In my heart however, there was quite a different effect.  It hit home that all of our responses were focused on what we were doing and none seemed to be focused on what God was doing.  I was struck by this passage above.  It seemed to me that we were praying and studying the Bible, was that not remaining in Jesus?  As I thought, it occurred to me that what I was doing was focusing on some methods.  The wheel illustration which had been key to my Spiritual life till now, had four spokes connecting Jesus in the centre with our outer lives of obedience.  These were: Prayer, Evangelism, Fellowship and the Word.  I had always taken it that to be involved in each of these would be basically the same as ‘to remain’ in Christ.  Really however, the focal point had been on these methods and Jesus had been rather left behind.


When I looked at our ministry in these terms I noticed that what we were doing was being busy making fruit.  Fruitfulness for God was what was necessary and we were going to produce.  As things became difficult we would pray.  Yet this prayer was not the prayer of meeting with Jesus for his sake, because I loved him, rather it was the prayer of one who is short on resources for production crying out for more resources.  Yet the verse does not say you must ‘bare fruit’!  The verse says, ‘remain in me’.  I was so busy making fruit that all my attention was on the fruit and I was ignoring the one in whom I was supposed to be remaining.

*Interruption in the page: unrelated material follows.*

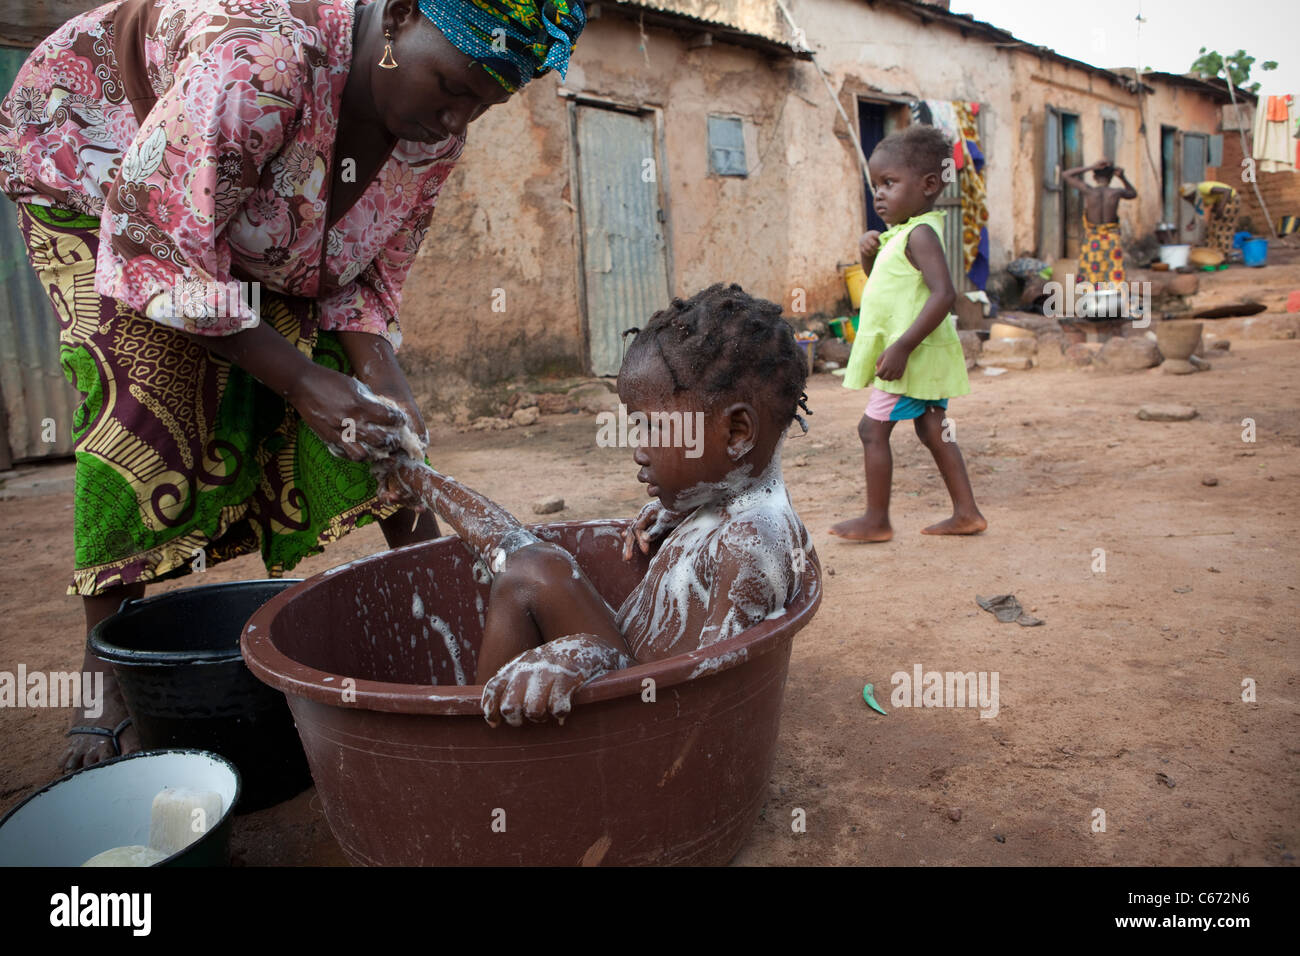 A mother bathes her child in a slum in Bamako, Mali, West Africa. Stock Photo

The issue then turned from what should I do in order to bring people to Christ, to going back to Jesus.  Seeking him with all of my heart, not in order that there should be more converts, but rather in order to fill a hole that was obviously present in my life – The hole being a true union with Jesus, as against doing the activities.   In the first instance it meant changing from having a twenty minute time of prayer each day to two hours.


This was the start of a process that was to have a profound effect on my spiritual life.  Not just that it was deepened, but that whole areas of life were radically overhauled, as the next pages will show.  Interestingly, there was not a great wave of conversions as I had hoped, in fact the opposite was true, fewer people became Christians.  This was a fact that was a continual frustration.  There was however a much deeper love of Jesus, and I think as a result more fruit.  Fruit, in the way Jesus would measure it rather than in the statistics.